Supplied records section start
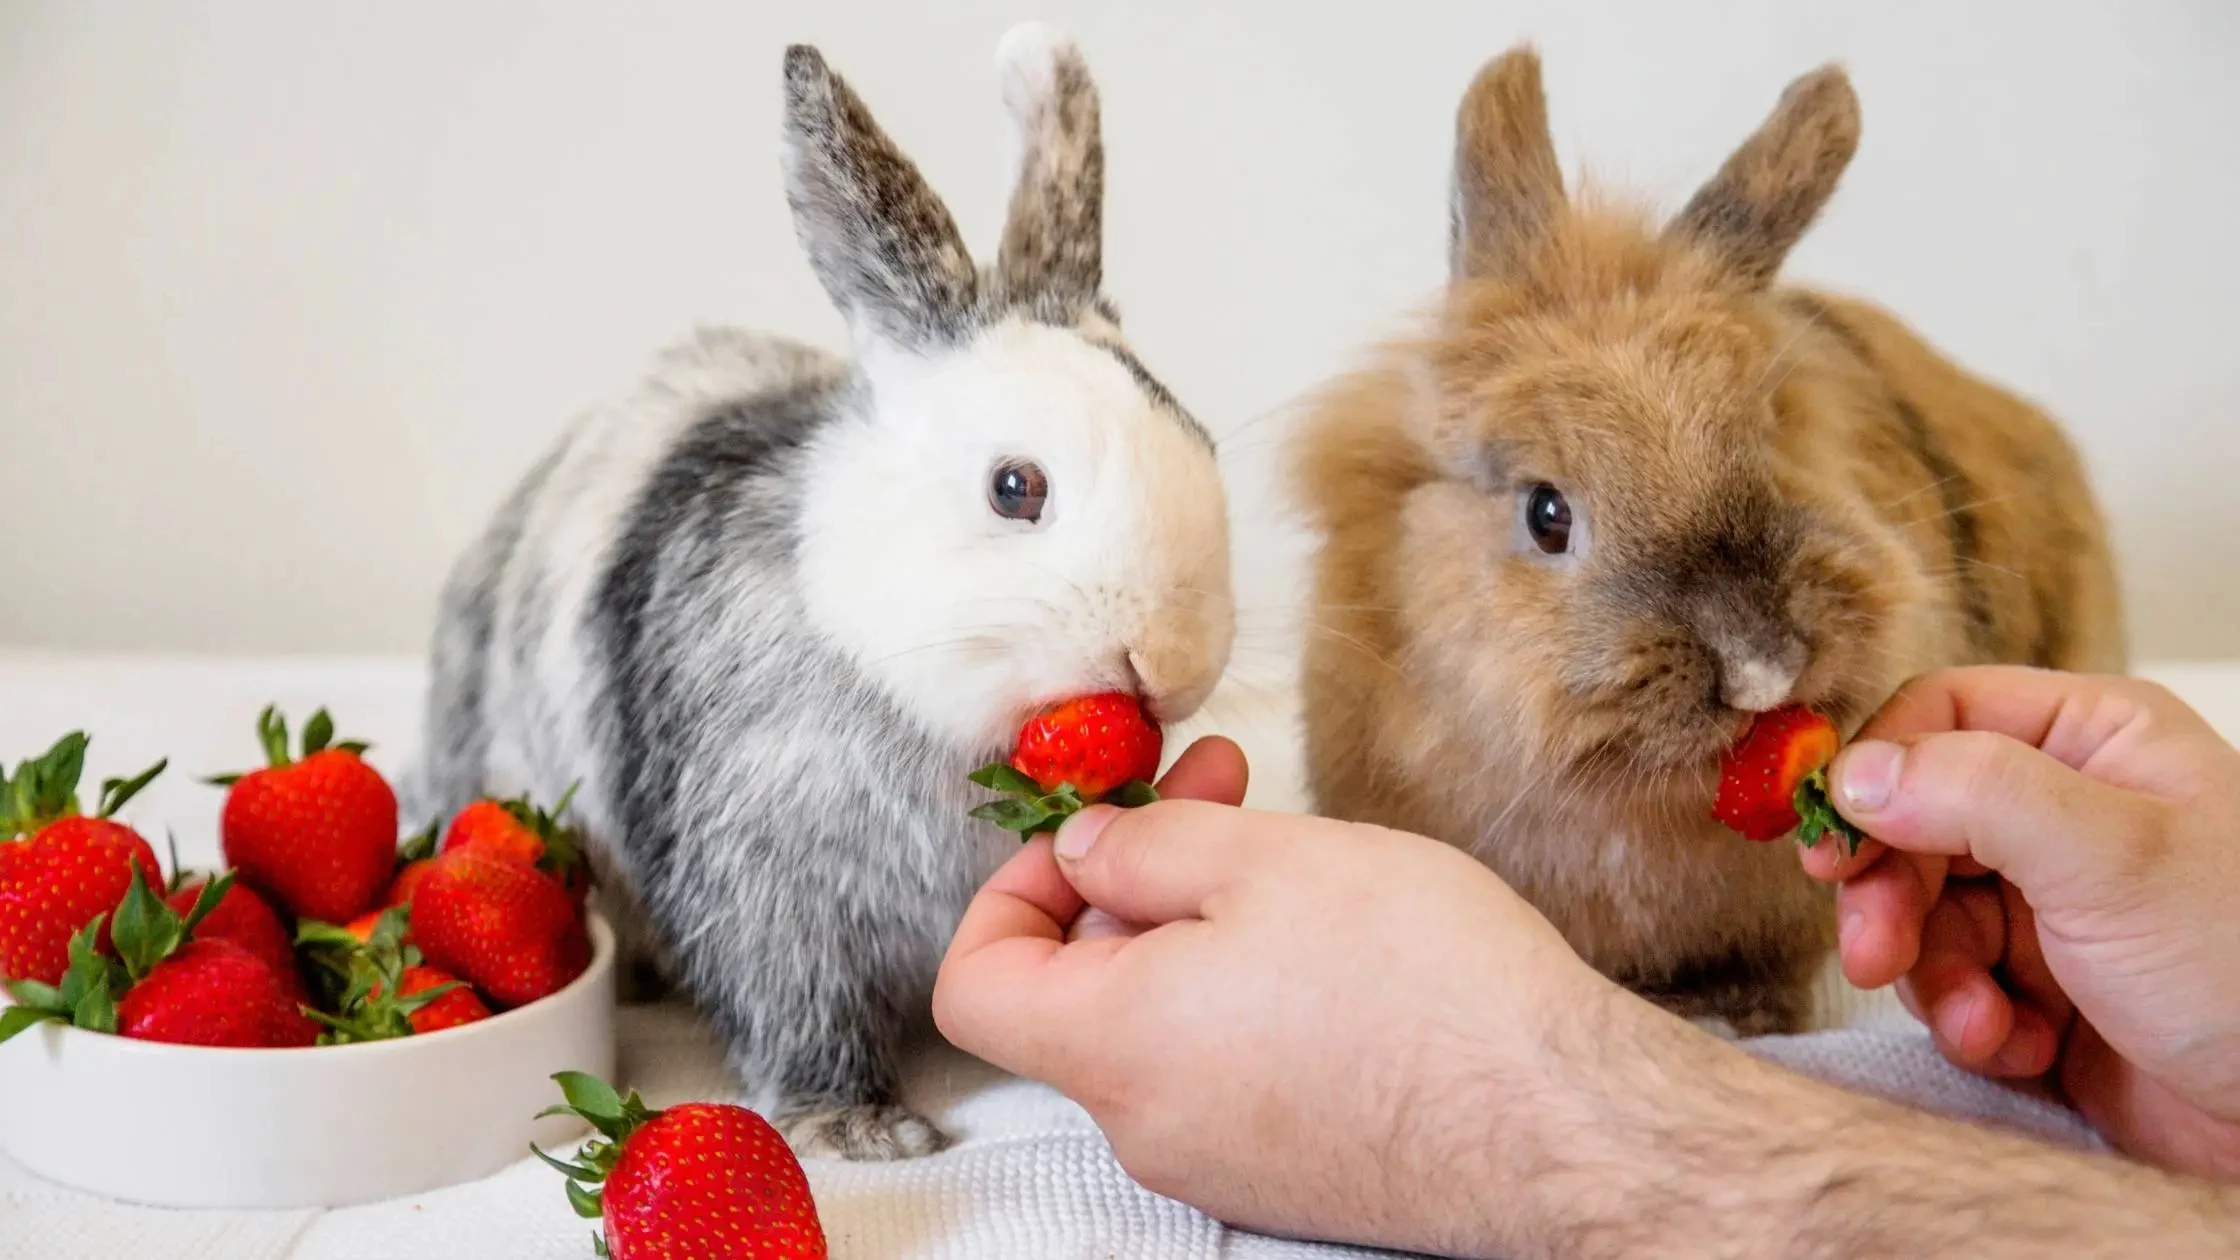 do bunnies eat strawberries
Supplied records section end
Supplied records section start
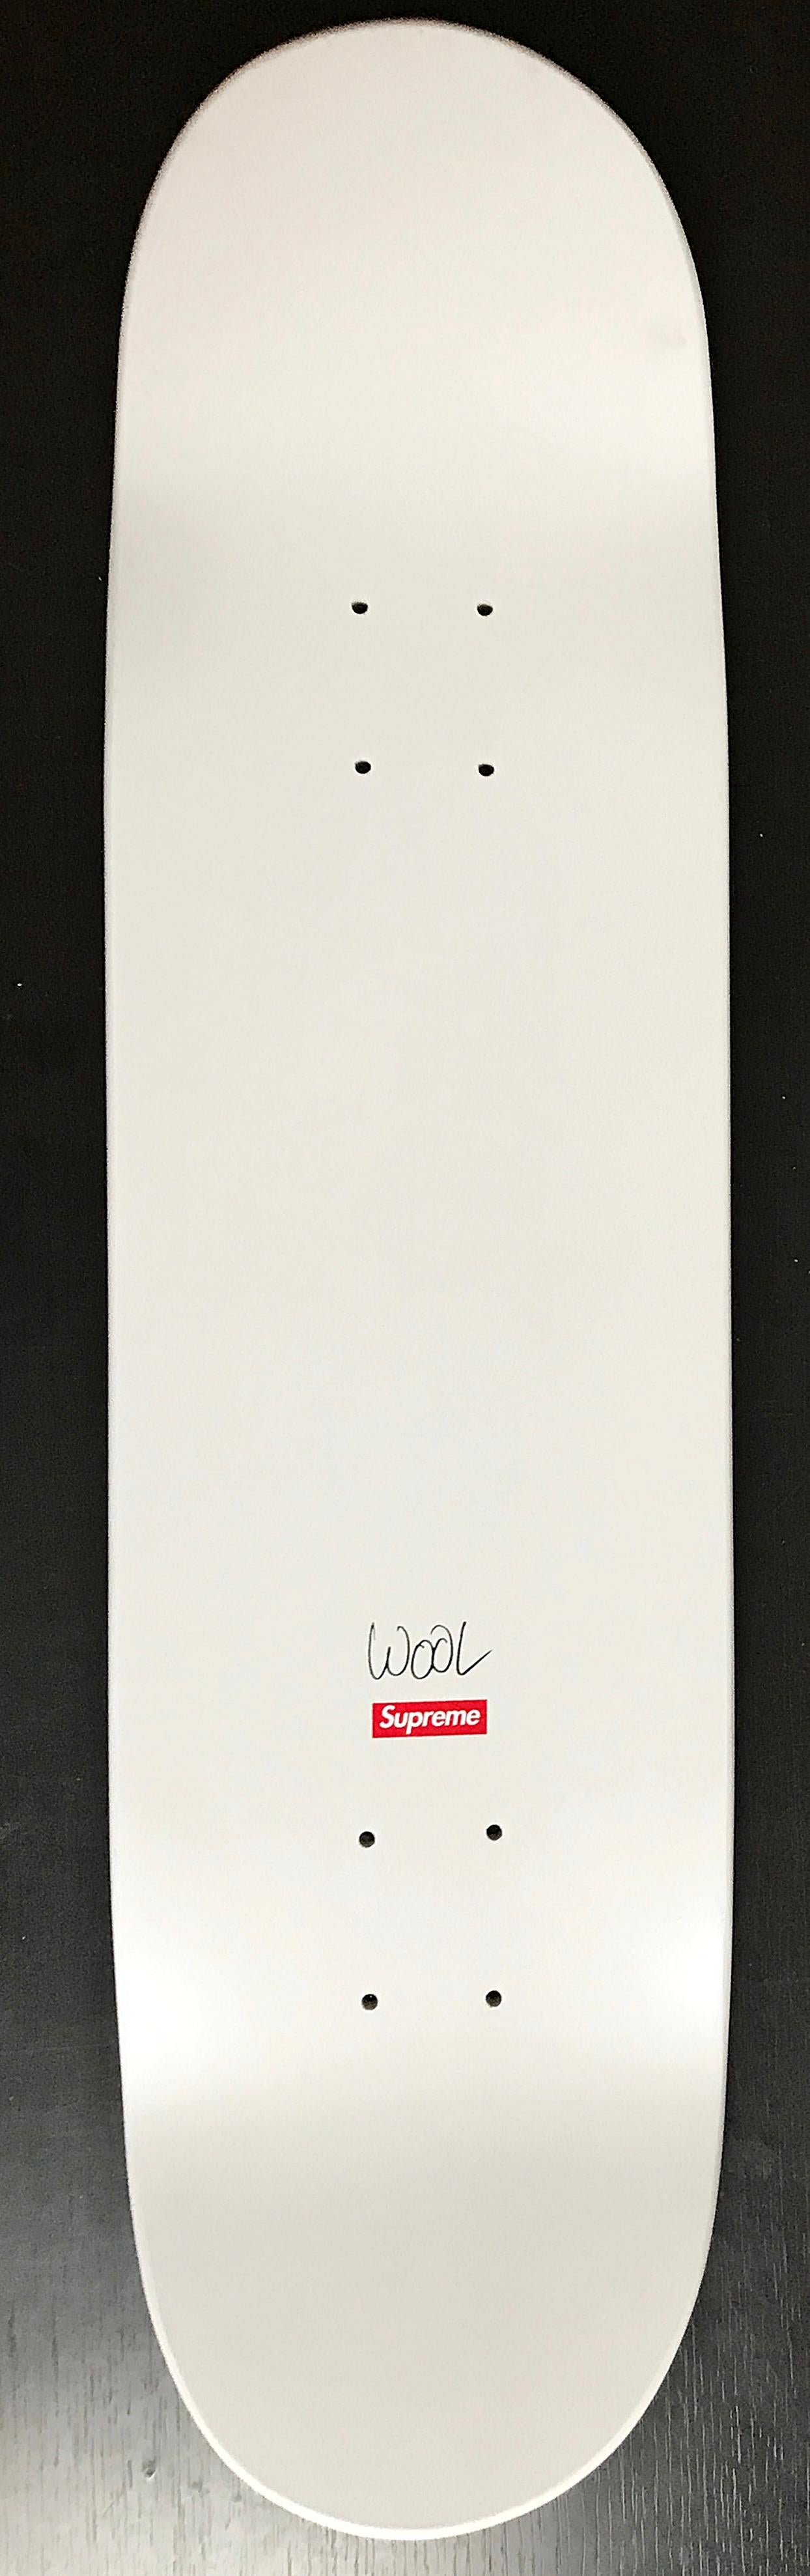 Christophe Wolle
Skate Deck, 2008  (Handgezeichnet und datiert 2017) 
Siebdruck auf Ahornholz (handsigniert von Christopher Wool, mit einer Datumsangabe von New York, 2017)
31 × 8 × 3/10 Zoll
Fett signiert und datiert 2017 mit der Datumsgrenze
Supplied records section end
Task directions
Copy the stretch of the records above that runs from the line with "Siebdruck auf Ahornholz" through the line with "Fett signiert und". Both end lines belong in the copy, and nothing else does.

Task response
Siebdruck auf Ahornholz (handsigniert von Christopher Wool, mit einer Datumsangabe von New York, 2017)
31 × 8 × 3/10 Zoll
Fett signiert und datiert 2017 mit der Datumsgrenze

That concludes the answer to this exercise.